2025年12月27日 13 時30分。

魔法少女株式会社、エントランスにて。


月野さんが卓上に並べられた物の説明を始める。


「まずはこの、小さい棒。愛野様が勝手に使い荒らした『魔法deスティック』ですね。このアイテムは真ん中のボタンを押すとビームが出ます。かなり強力なビームとなっていまして、強力度合いはそうですね……例えますと富士山を吹っ飛ばすくらいのパワーがあり……あ、いや、富士山はさすがに厳しいかもしれませんが……ボウリングの玉くらいなら粉砕できるレベルの破壊力を持ったビームです」


いやいやいやいや、例えが雑すぎるっ!

富士山とボウリングの玉を比較されても全くビームの破壊力の度合いが想像出来ないですってば!

……ってか、「勝手に使い荒らした」って言い方ひどくない!?

意図的にスティックのボタンを押してビームを発射させたワケじゃないんだし……。

そんなに私、悪い事した?


「魔法deスティックはまぁ、そんな感じです。とてつもない程の強力なビームが出るアイテムって認識でOKです。このスティックは愛野様に使っていただきます。……そして、次にこのボール。このボールは『魔法deボール』といいまして、これは佐倉様に使っていただきます。
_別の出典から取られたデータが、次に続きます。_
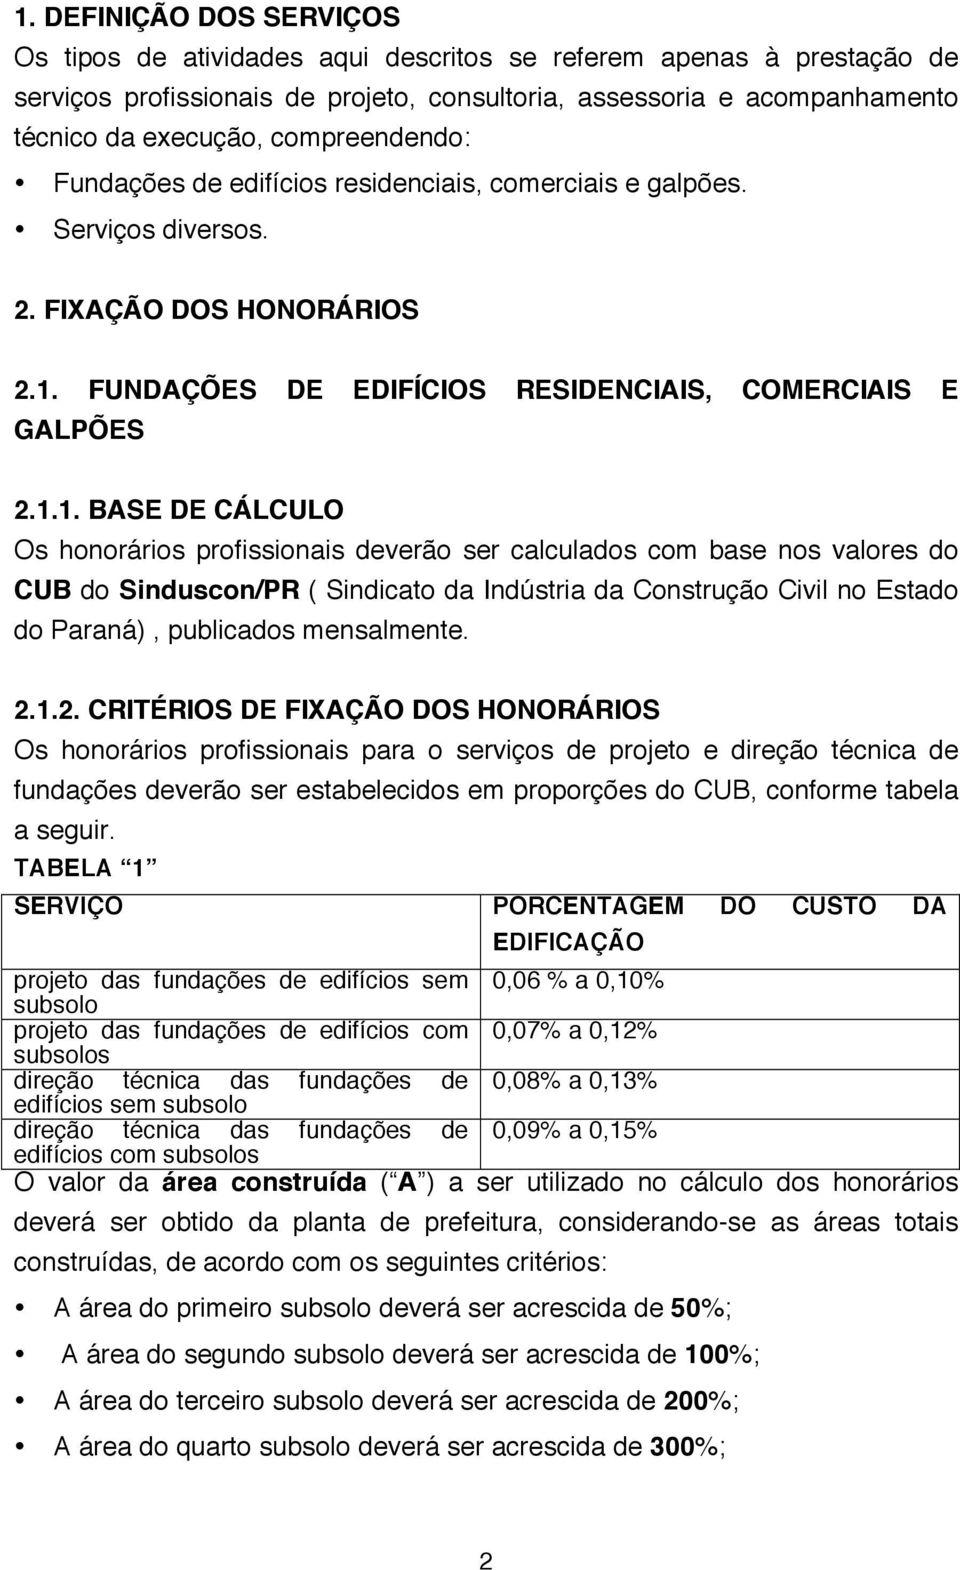 FUNDAÇÕES DE EDIFÍCIOS RESIDENCIAIS, COMERCIAIS E GALPÕES 2.1.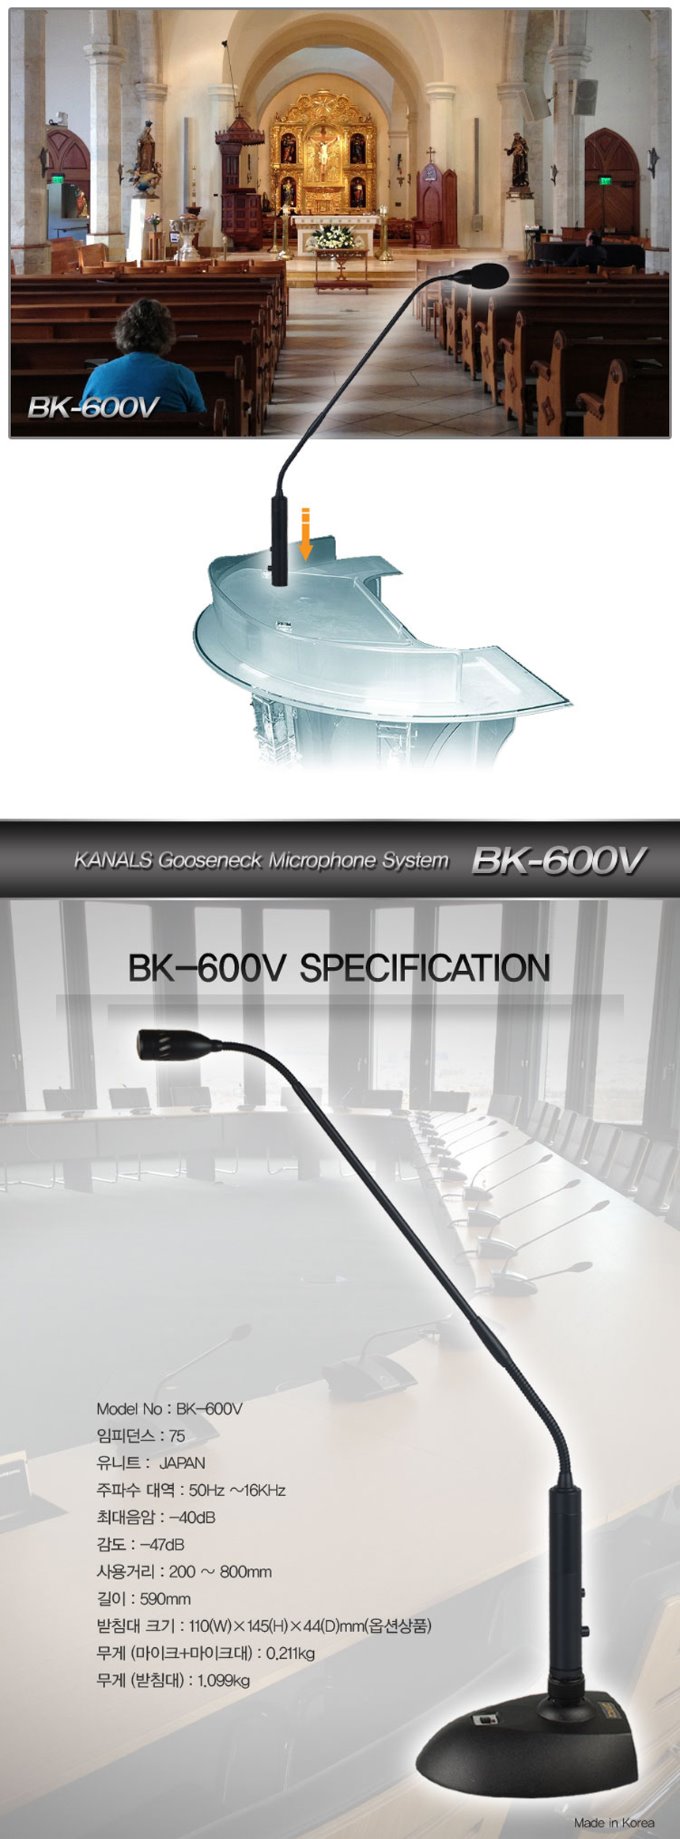 CBK-600V-4.jpg

このボールの特徴はですね……相手に投げつけると一定時間、その者の動きを止める事ができるのです」


それを聞いたのぞみんは、どこから持ち出してきたかも分からないマイクを鞄から取り出して月野さんの口元に向けて言った。


「ズバリ聞かせていただきやす。一定時間とは、どのくらいの時間でやんすか……?」


「三秒ですね」


三秒かーい。

それはもう一定時間とは言えないレベルだよー。

……いや、でもその三秒の間に私の魔法deスティックでビームを撃ちまくればいいのか。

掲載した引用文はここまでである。